Supply chain flexibility 'can safeguard operations'

19 April 2012


Posted by Satvir Bhullar

Creating supply chains that are flexible can help companies to prevent problems and deal with difficulties as they arise.

This is the claim made by the Chartered Institute of Purchasing and Supply (CIPS), which has explained managing demand can be difficult, but it is important to take the external environment into account when doing so.

According to Emma Scott, the professional body's Representation Manager, while it is essential for firms to take factors such as weather predictions into consideration when organizing stock levels, it is also helpful to form good relationships with suppliers in order to enhance supply chain agility.

"What you don't want to be in is a position where you're holding lots of stock, which is money and affects profit, and are not able to get rid of it," she added, pointing out that without this flexibility firms such as clothing retailers can struggle, as many items are made a couple of seasons in advance.

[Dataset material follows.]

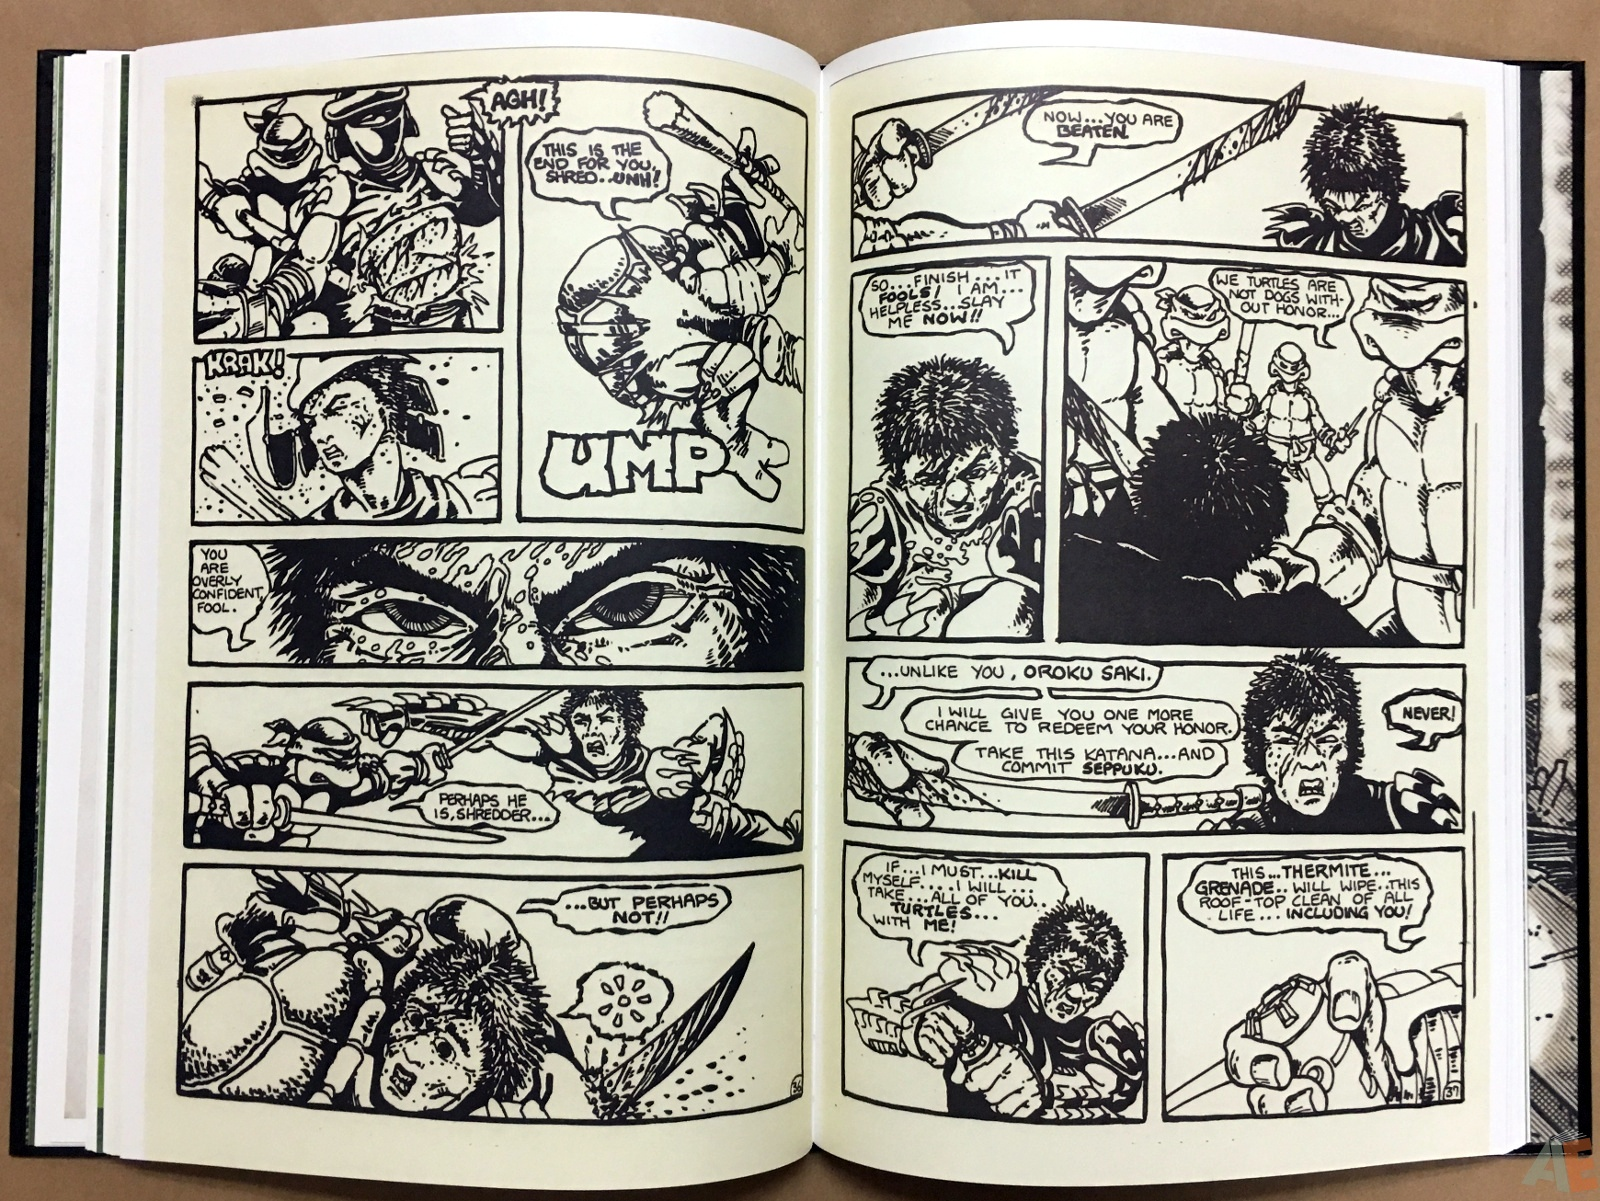 Teenage Mutant Ninja Turtles Artisan Edition 24

Her comments come after Marks & Spencer experienced problems with its stock levels, with shortages across some of its bestselling womenswear lines.

The company admitted to running out of stock and stated this had been because of supply chain management being too tight.

An increasing focus on lean operations has been seen in recent years, but many companies have started to consider how far they can reduce stock levels before business continuity is compromised.

The issue was raised after the Japanese earthquake and tsunami on March 11th 2011 led to severe shortages of automotive parts, causing some firms to suspend production, while global supplies of hard disk drives were adversely affected during the flooding that struck Thailand during last year's monsoon season.

As a result of the Marks & Spencer shortages, the retailer saw clothing sales dip by 0.3 per cent.